N’en déplaise à certains décideurs territoriaux, l’Opéra est un art populaire et le restera ! Nous en avons été directement témoin à l’occasion de la dernière triomphale de Nabucco dans la salle de la place Reyer.
Une production efficace qui vise à l’essentiel
Venue de l’Opéra de Saint-Étienne, la scénographie de Jean-Christophe Mast joue sur de beaux volumes et, tout en étant relativement dépouillée, sait dégager les idées-forces de l’ouvrage : c’est ainsi qu’un cube doré au milieu de la scène figure à la fois l’autel du temple de Salomon sur lequel Zaccaria exhorte les hébreux à la résistance puis le trône de l’envahisseur Nabucco (final acte I), avant qu’Abigaille n’en fasse le symbole de son propre pouvoir (final acte II).
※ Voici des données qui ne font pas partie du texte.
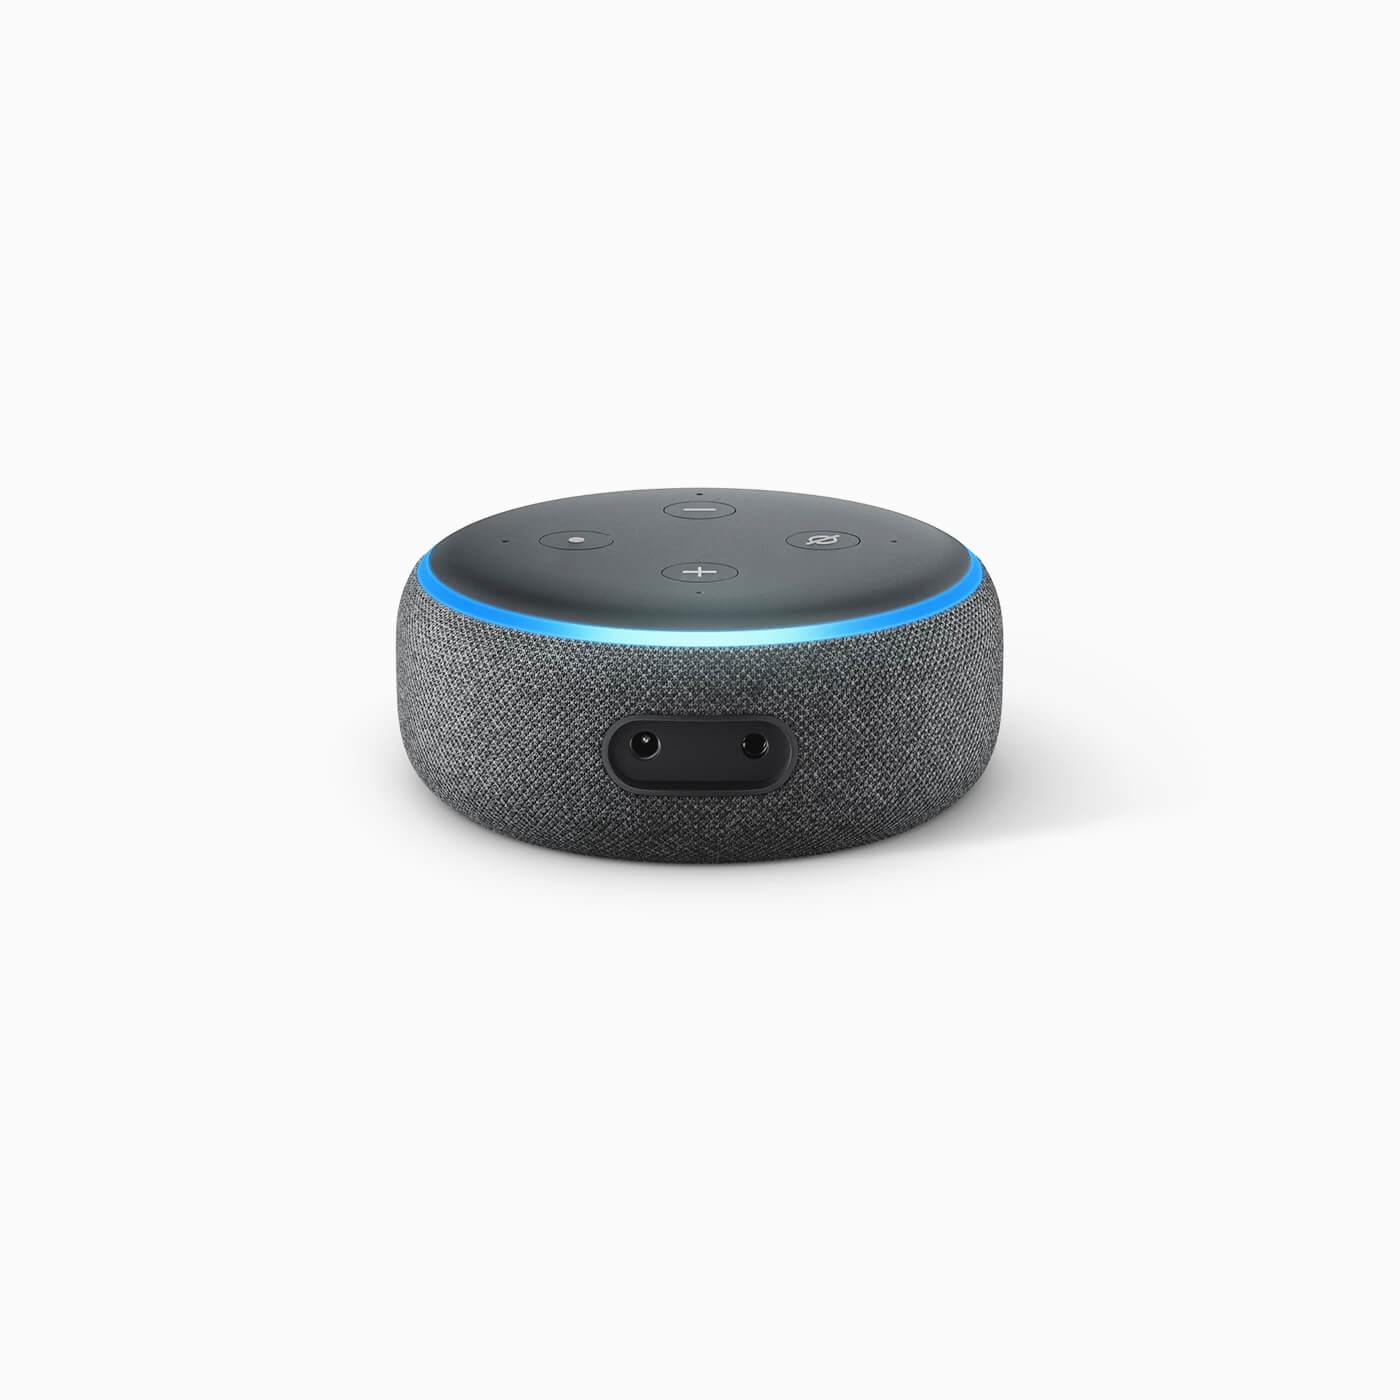 09.Amazon Echo Dot 3rd Generation

De même, dès le lever de rideau, alors que le chœur entonne « Gli arredi festivi », la projection sur le rideau du temple d’une immense étoile de David ne manque pas de faire son effet sur le public tout comme, au début du deuxième acte, un ballet parfaitement ordonné de porteurs de lances au jaune fluorescent qui se lancent dans une chorégraphie faisant la part belle à la lutte acrobatique. Si certains ont pu regretter la vision excessivement sanguinaire du personnage d’Abigaille qui n’hésite à pas égorger de jeunes vierges juives, la direction d’acteurs rallie tous les suffrages et est particulièrement efficace dans les grands ensembles dont l’ouvrage regorge. A l’unisson avec cette sobriété qui ne fait jamais cheap, les costumes signés Jérôme Bourdin, efficacement portés à la lumière par Pascal Noël, jouent classiquement sur une opposition des couleurs entre le noir des envahisseurs assyriens et le crème des robes des prêtres et du peuple élu.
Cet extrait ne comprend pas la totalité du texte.